# README
downloader
The Downloader tool runs on Google Container Engine and will scrape the Maxmind and Routeviews for new data. It will download them from the websites and place them in Google Cloud Storage in the specefied bucket.
It takes one mandatory arguement: --bucket=GCS-BUCKET-NAME
Travis Deployment
Downloader is designed to be deployed exclusively from Travis-CI. If you need to configure Travis to automatically deploy to GKE, then there are a couple things you need to be sure to configure.
Service Account
The deployment scripts expect the service accounts needed for uploading the
docker image to GCS and deploying the image to GKE to be stored in the protected
environment variable GCLOUD_SERVICE_KEY_XXX
, where XXX is the environment
you're deploying to (BOX for sandbox, STG for staging, or PRD for production).
The service account key should be the base64 encoded version of the JSON keyfile
for a service account with the appropriate permissions to create/read/write
objects in GCS and administer clusters in GKE. You can base64 encode the json
key by cat key.json | base64 -w 0
and putting the output from that command
into the protected environment variable, either through the Travis website or
through encrypting it in the .travis.yml file.
The service account also needs the pubsub publisher and pubsub viewer roles.
Deployment Configuration
In addition to the service account, when setting up a new travis deployment, you need to configure the project name you're deploying to, the cluster name within that project, and the bucket name you want the data saved to. Those are all parameters passed into the deploy.sh command, along with the service account JSON key, encoded in base64 form. The deploy.sh command takes the form:
deploy.sh <project name> <cluster name> <bucket name> \
<base64 service account key text>
Kubernetes Secrets
In order for downloader to be able to connect to GCS, it needs to have a service account with access to GCS. You can use the same service account used for travis deployment, if you wish. But you need to store the key file in a kubernetes secret, named downloader-app-key, so that the deployment config can find and mount it for use by the app. You can set it with:
kubectl create secret generic \
downloader-app-key --from-file=key.json=/path/to/key.json
Cluster Creation
The default cluster size is enough for the downloader, but you need to be sure to give it read/write permissions for GCS when you create the cluster.

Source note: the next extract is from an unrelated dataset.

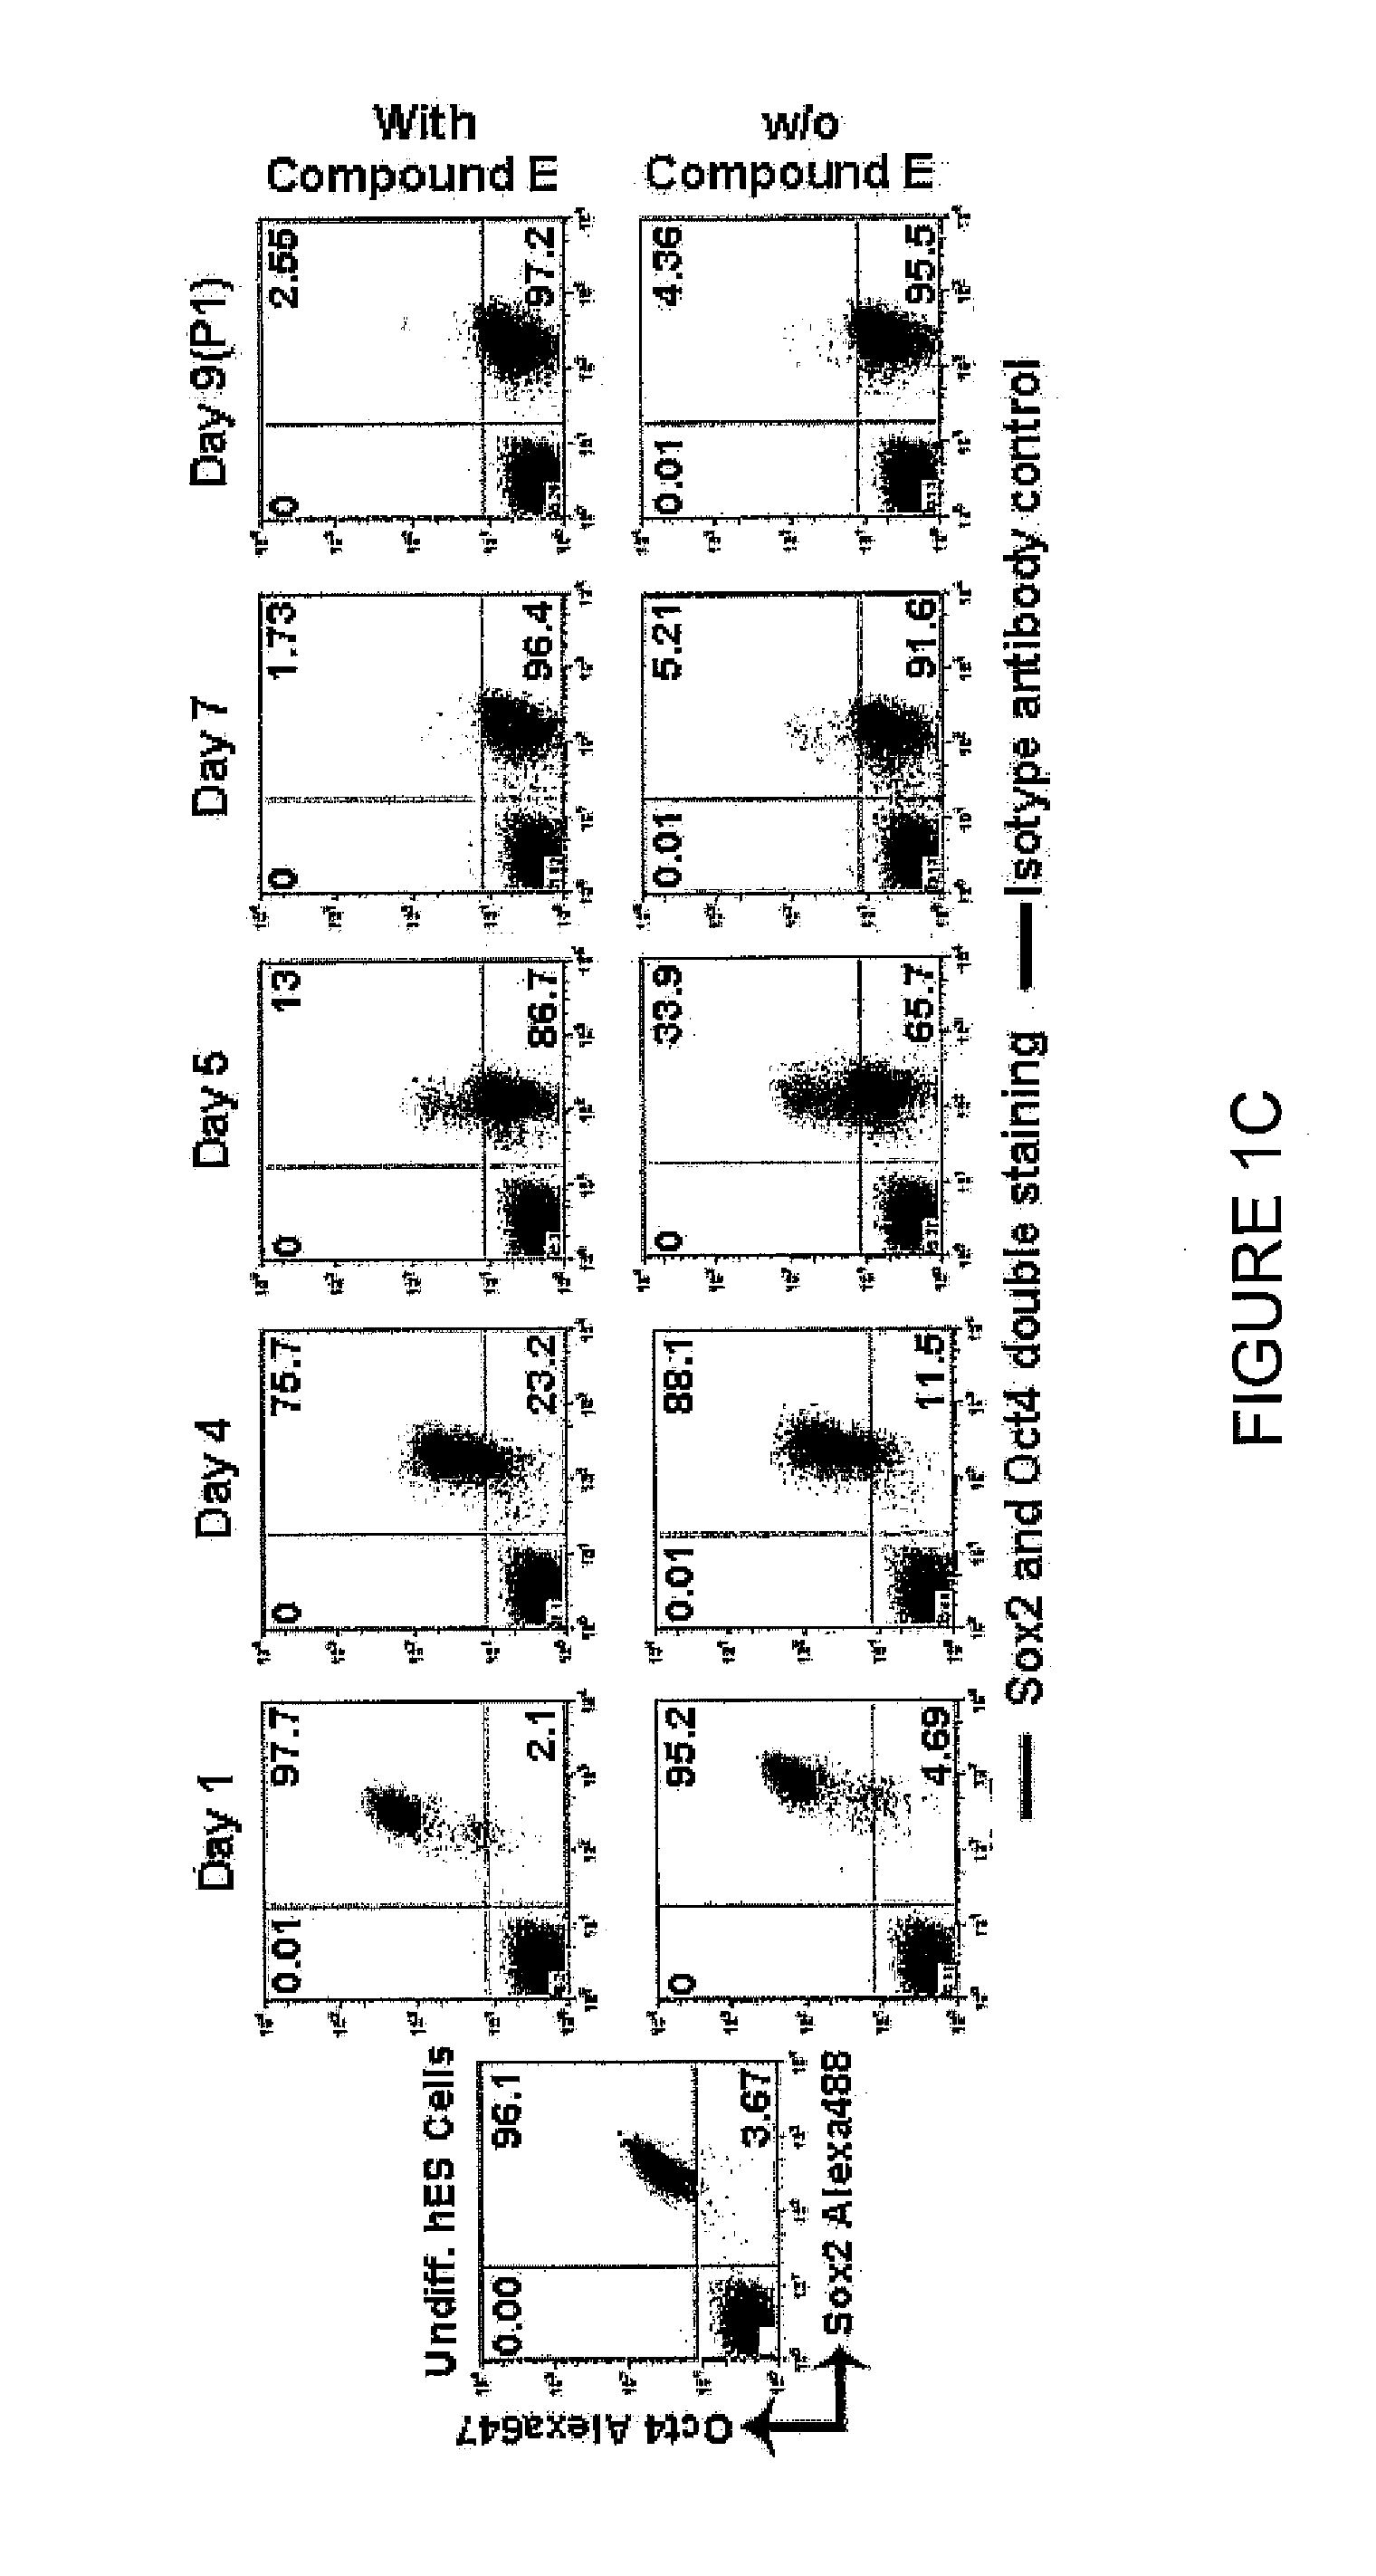 Expandable cell source of neuronal stem cell populations and methods for obtaining and usnig them

So, we create a dedicated node pool with storage-rw permissions. Ultimately, a limited permission service account would be preferable. Initially, three nodes will be allocated, but the autoscaler will shut down two after the downloader is deployed.
The cluster node-pool is managed using Terraform, defined in terraform-support.
For prometheus monitoring, you must make an extra node pool, also managed by terraform.
Pub/Sub Topic
The downloader also expects a pub/sub topic named "downloader-new-files" to exist. The topic must be created in the project that the downloader is running in, otherwise the downloader will not start.
Prometheus Monitoring
Most of the work for prometheus monitoring is done in the prometheus-support repository. The only things you need to be aware of is that downloader exports some prometheus metrics on /metrics, the containers will have the label so that prometheus scrapes them, and that if you are creating a new cluster for downloader, you must follow the setup instructions in the prometheus-support repo's readme.